Would you print only the lines running from the one with "DDS 'Twenty-six w/" to the final line of the data below, word for word and without pictures?
========================================
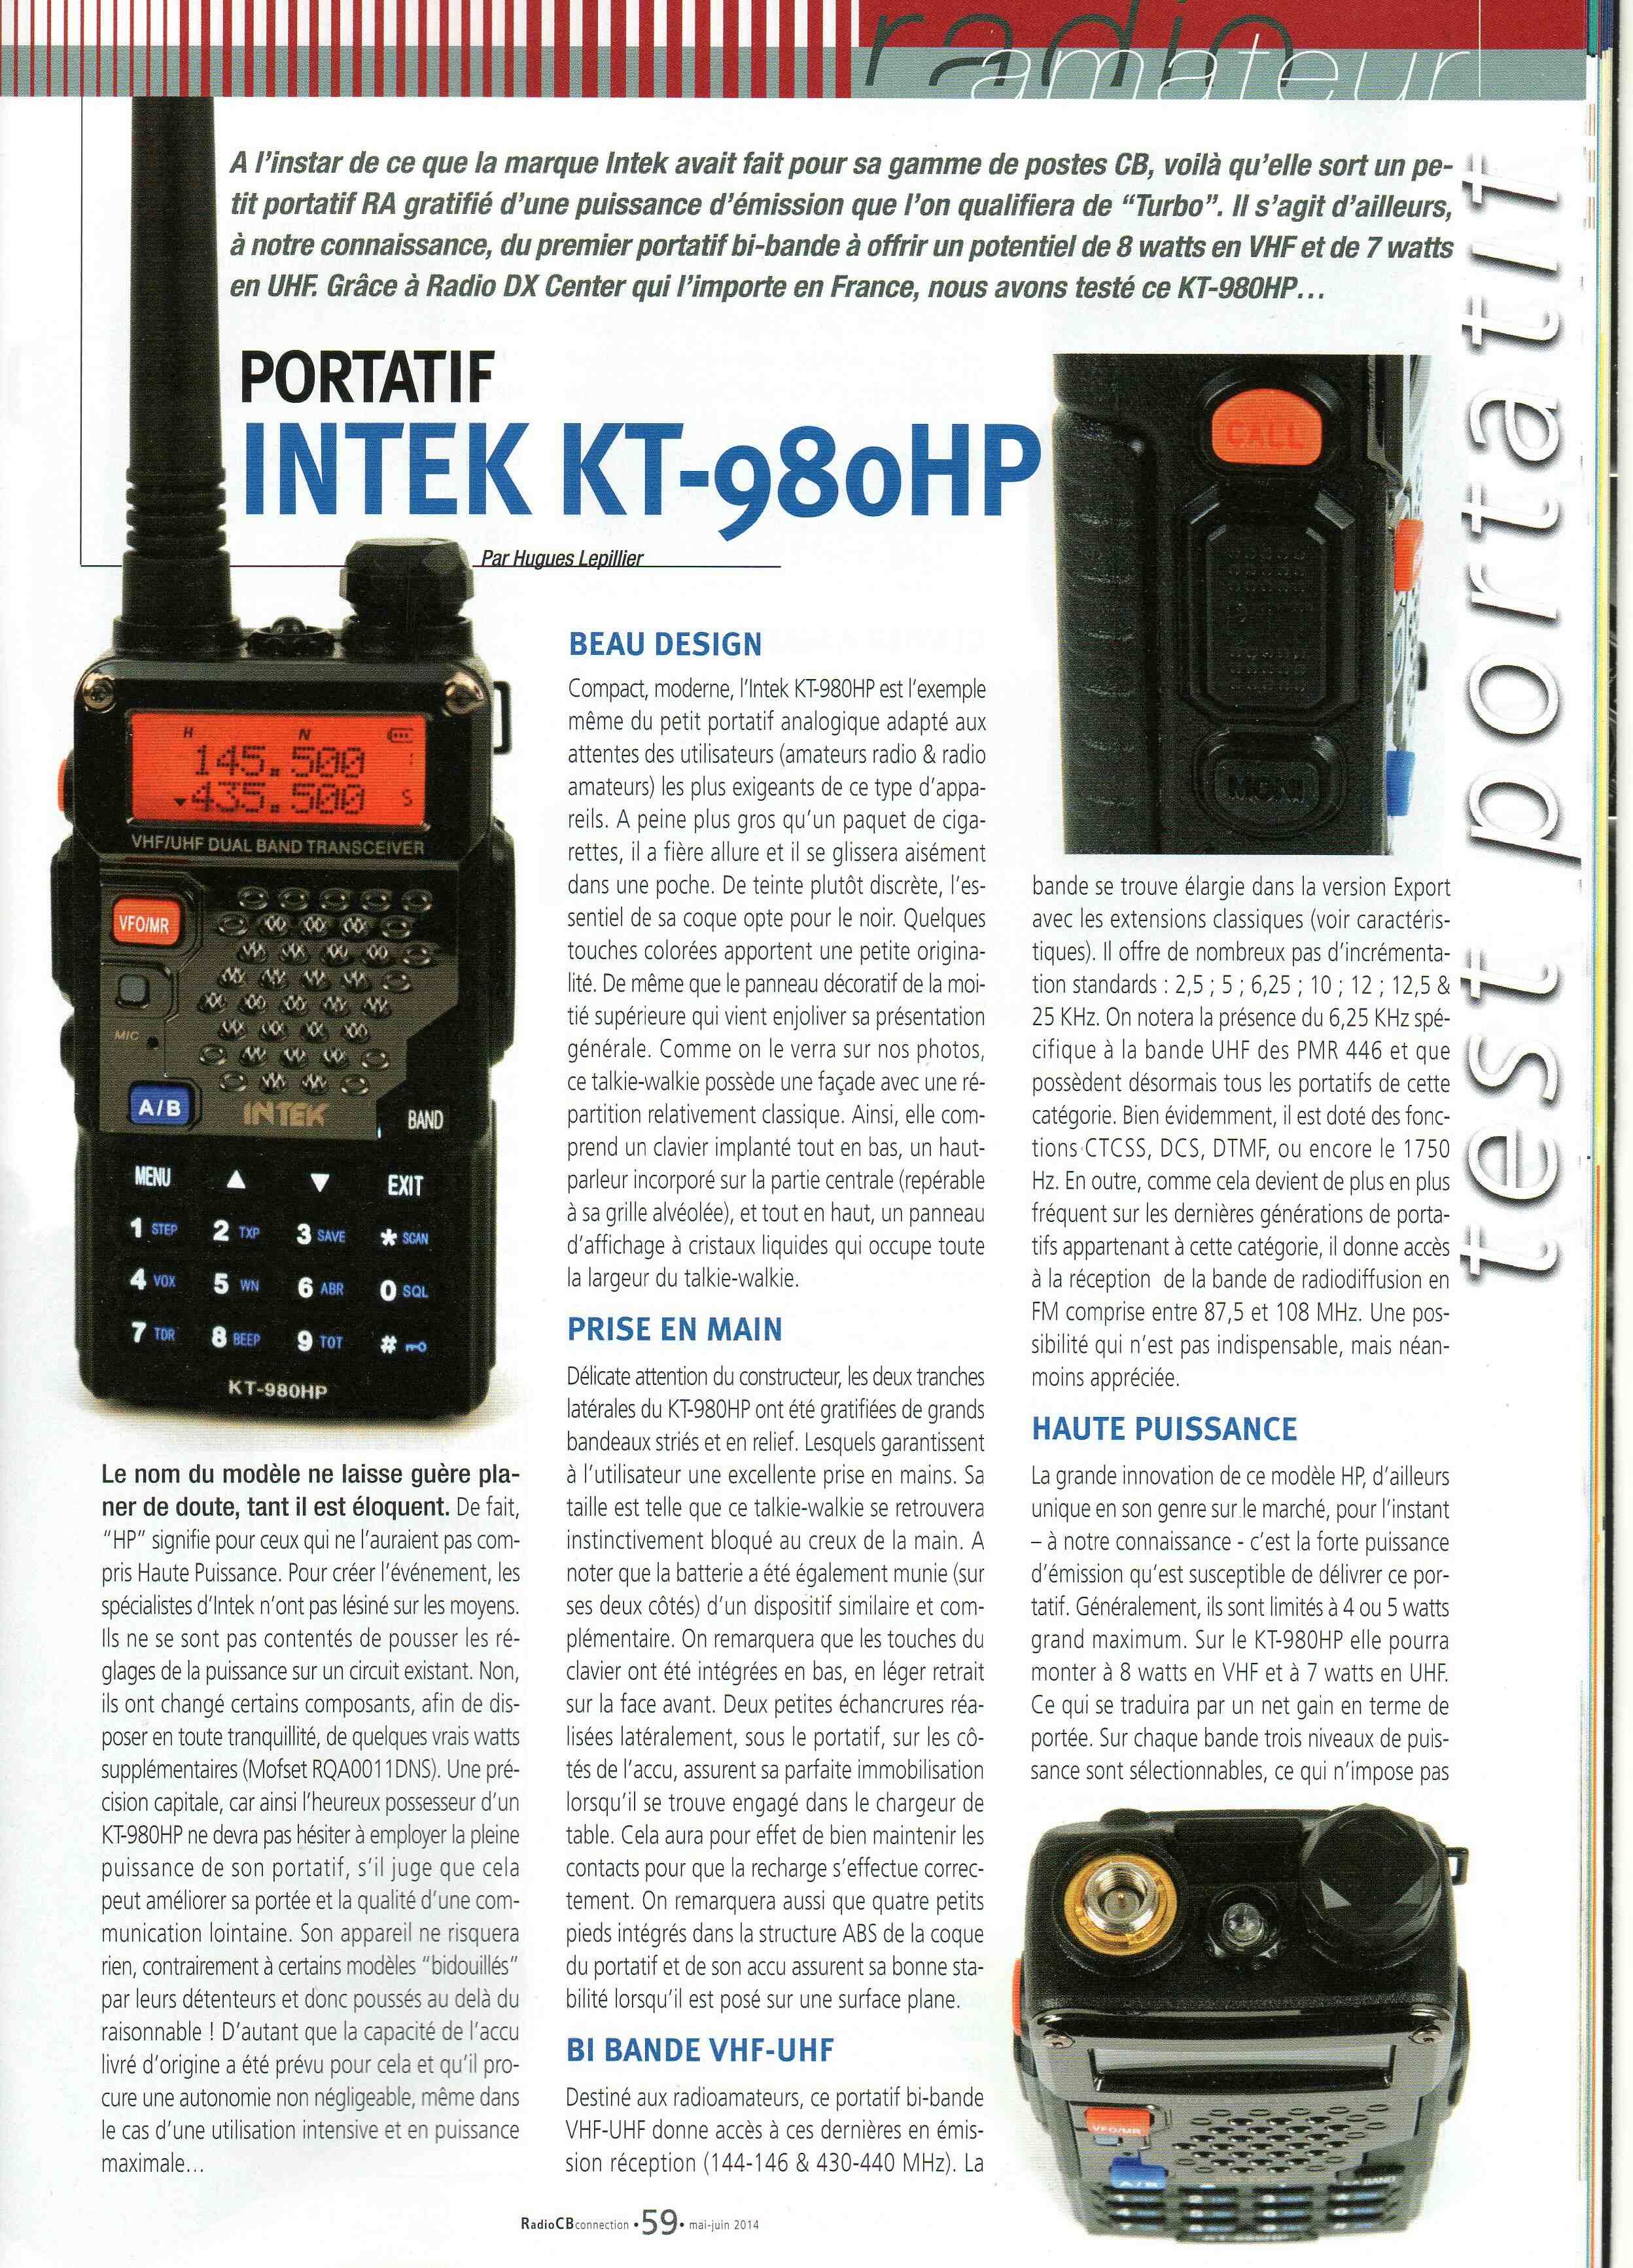 intek - Intek KT-980HP (Portable) Img94410
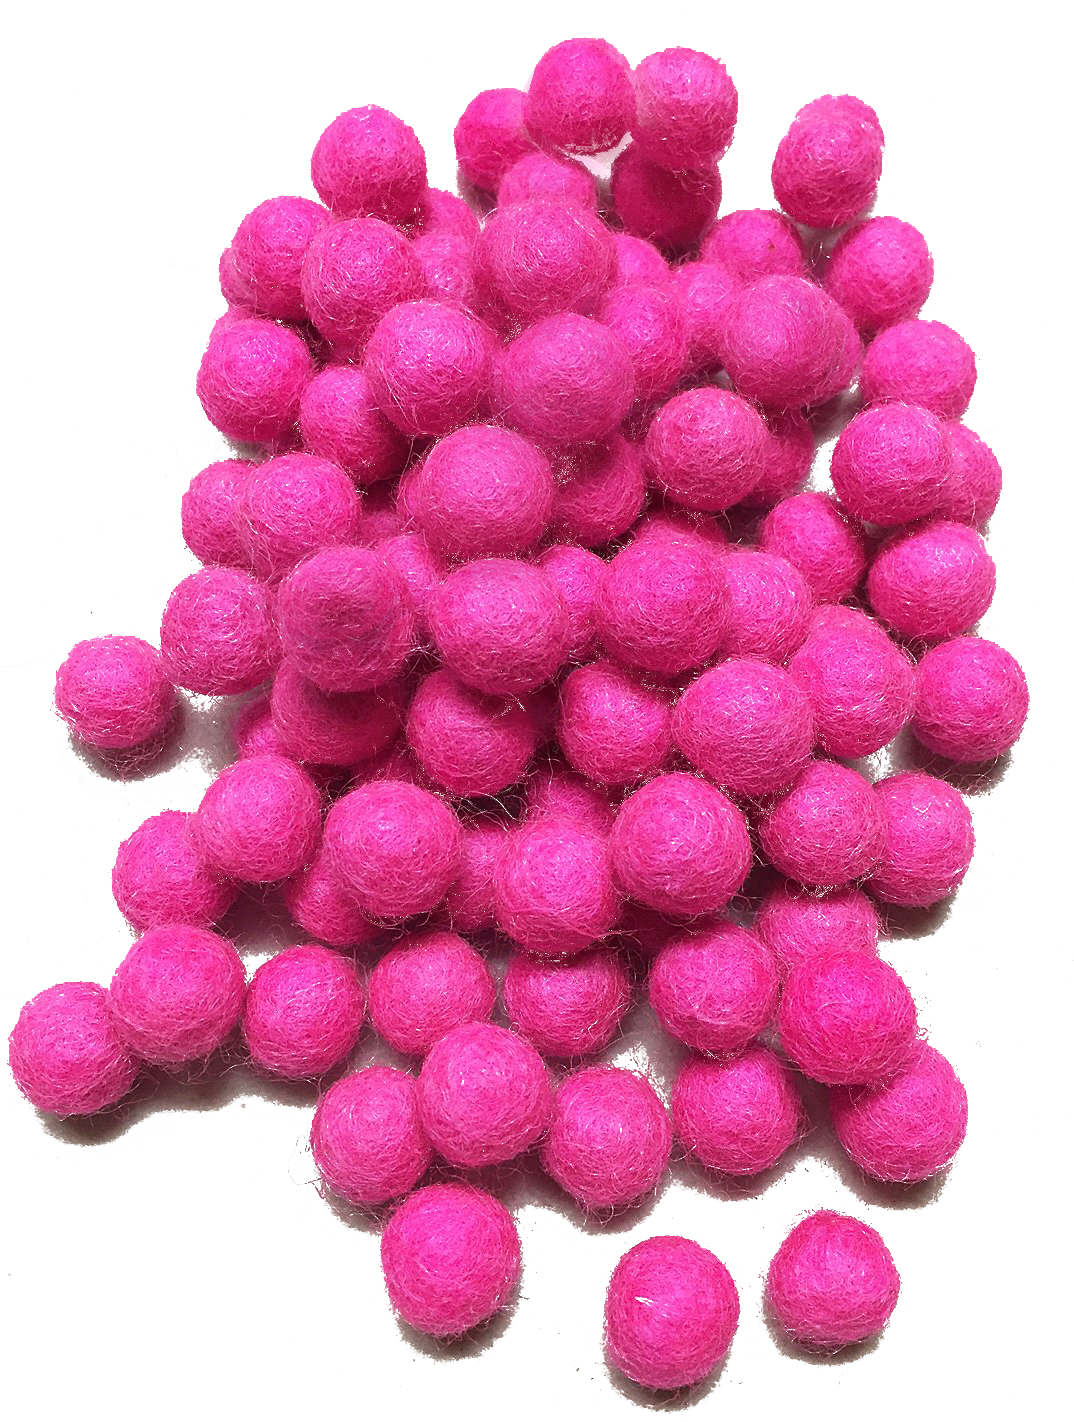 Yarn Place Felt Balls - 100 Pure Wool Beads 20mm Hot Pink P3
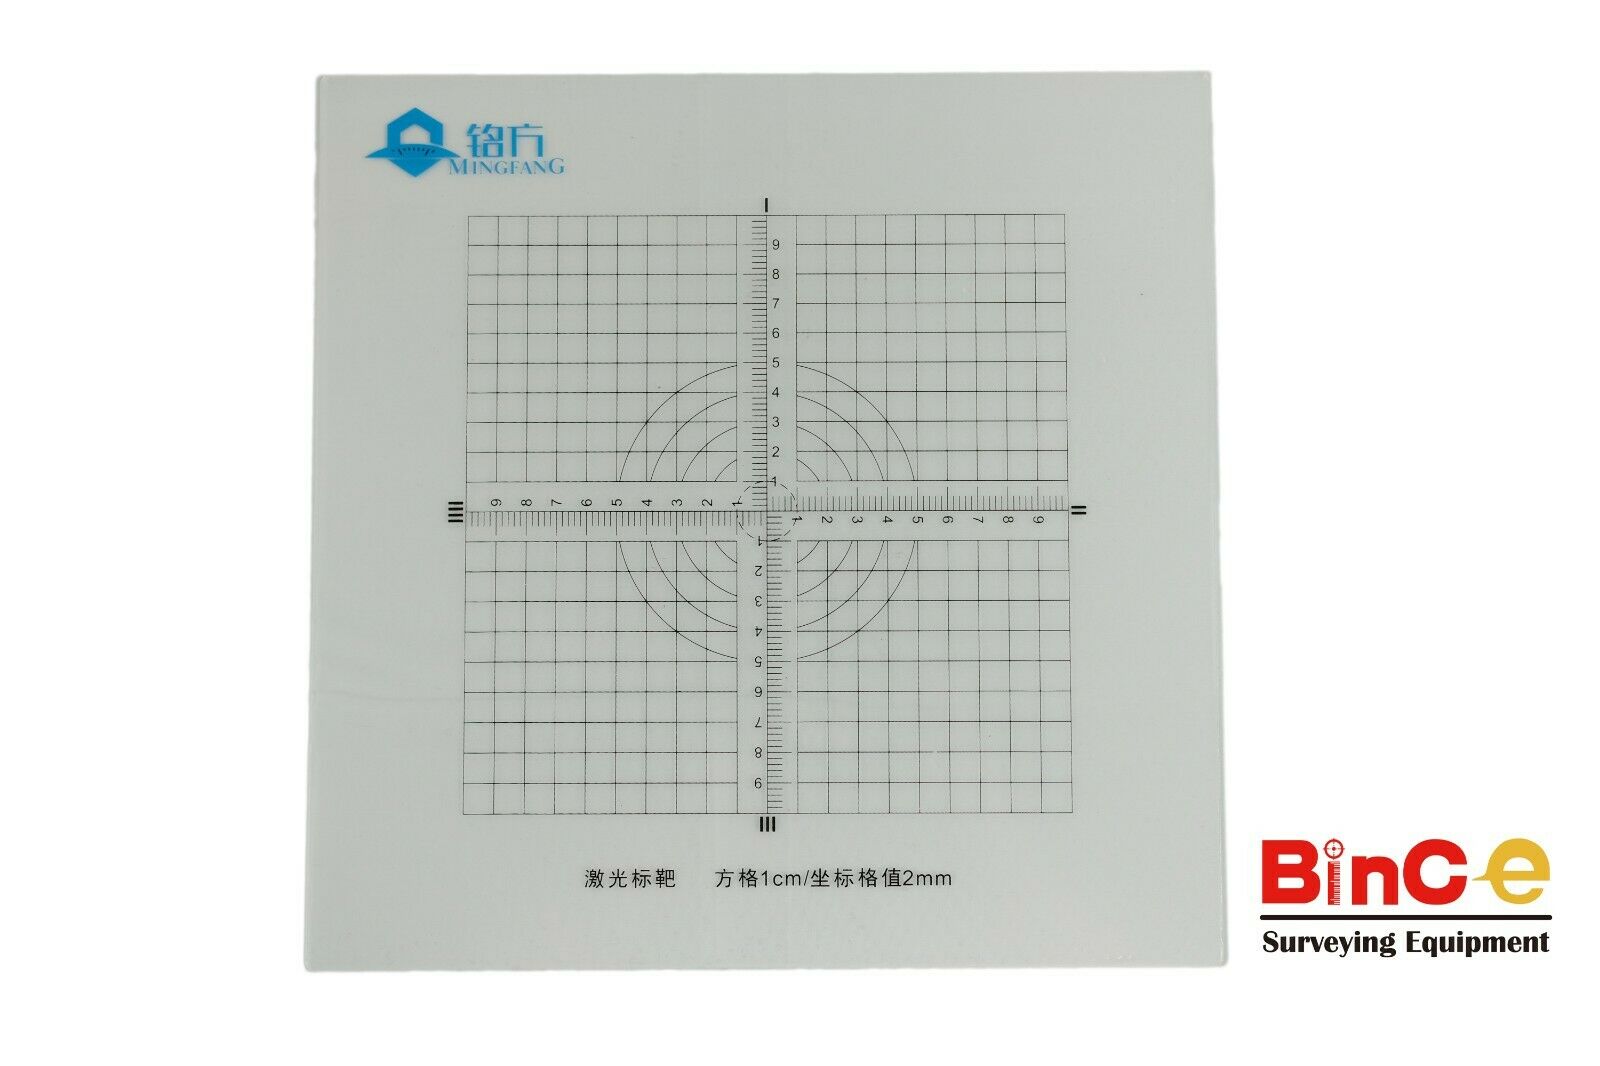 Bince LP100 Green Beam Laser Plummet Precision Alignment Plumb Laser Zenith
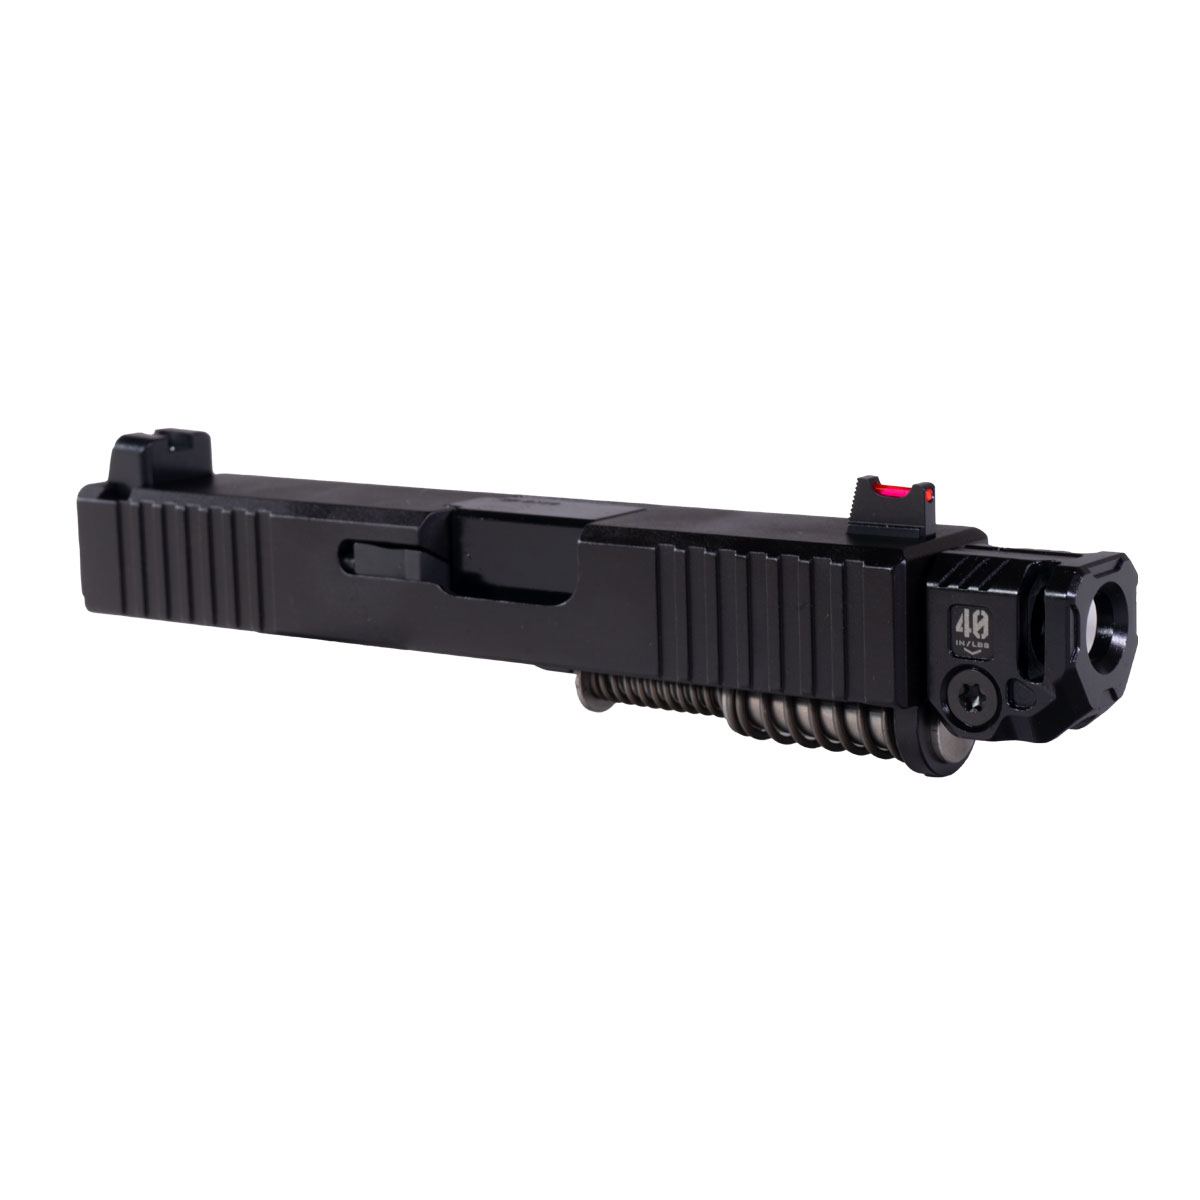 DDS 'Twenty-six w/ Strike Industries Compensator' 9mm Complete Slide Kit - Glock 26 Gen 1-2 Compatible
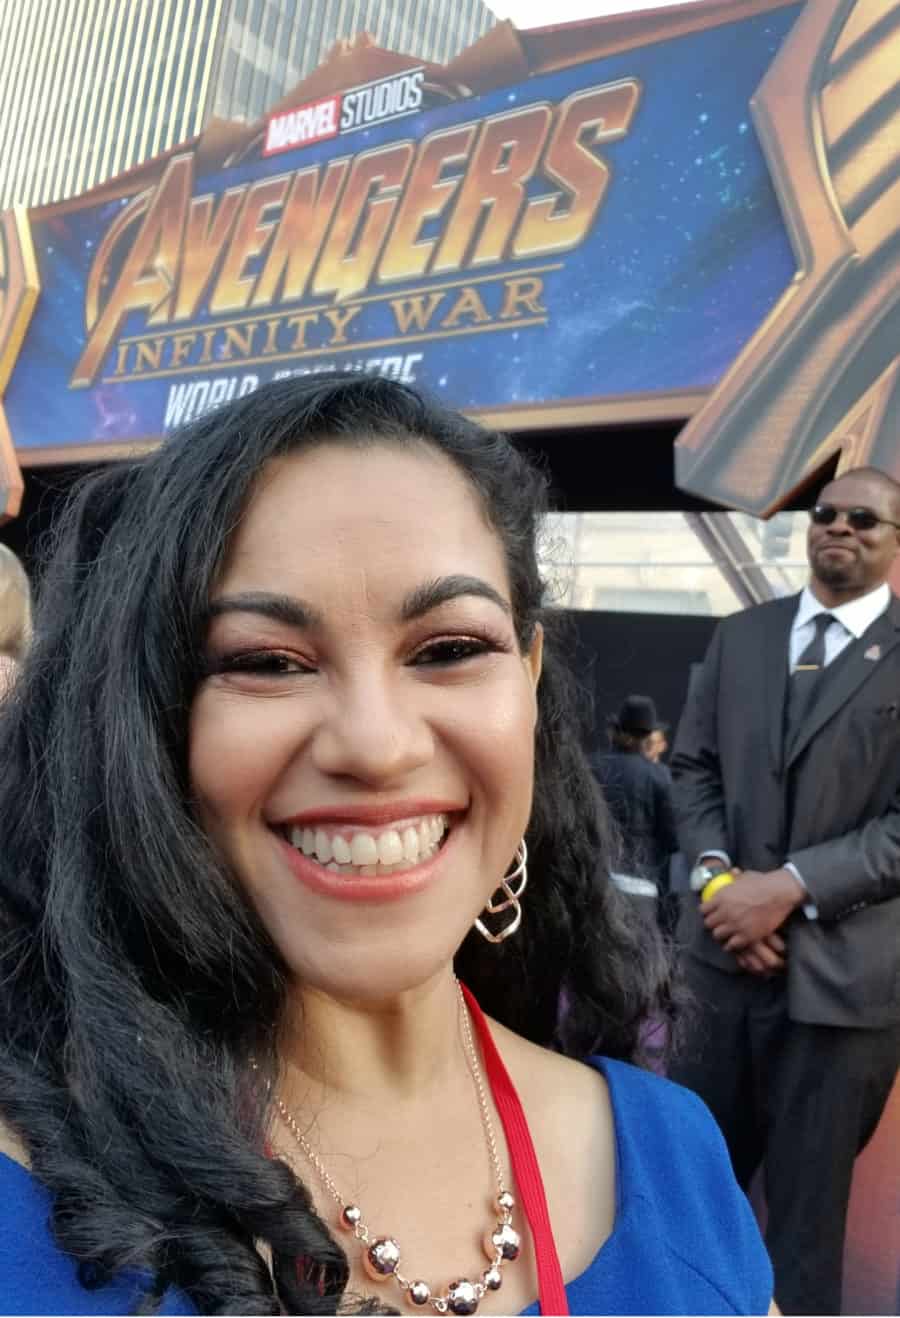 Avengers: Infinity War red carpet World Premiere photos - Elayna Fernandez ~ The Positive MOM
========================================
▸ Task answer
 DDS 'Twenty-six w/ Strike Industries Compensator' 9mm Complete Slide Kit - Glock 26 Gen 1-2 Compatible
 Avengers: Infinity War red carpet World Premiere photos - Elayna Fernandez ~ The Positive MOM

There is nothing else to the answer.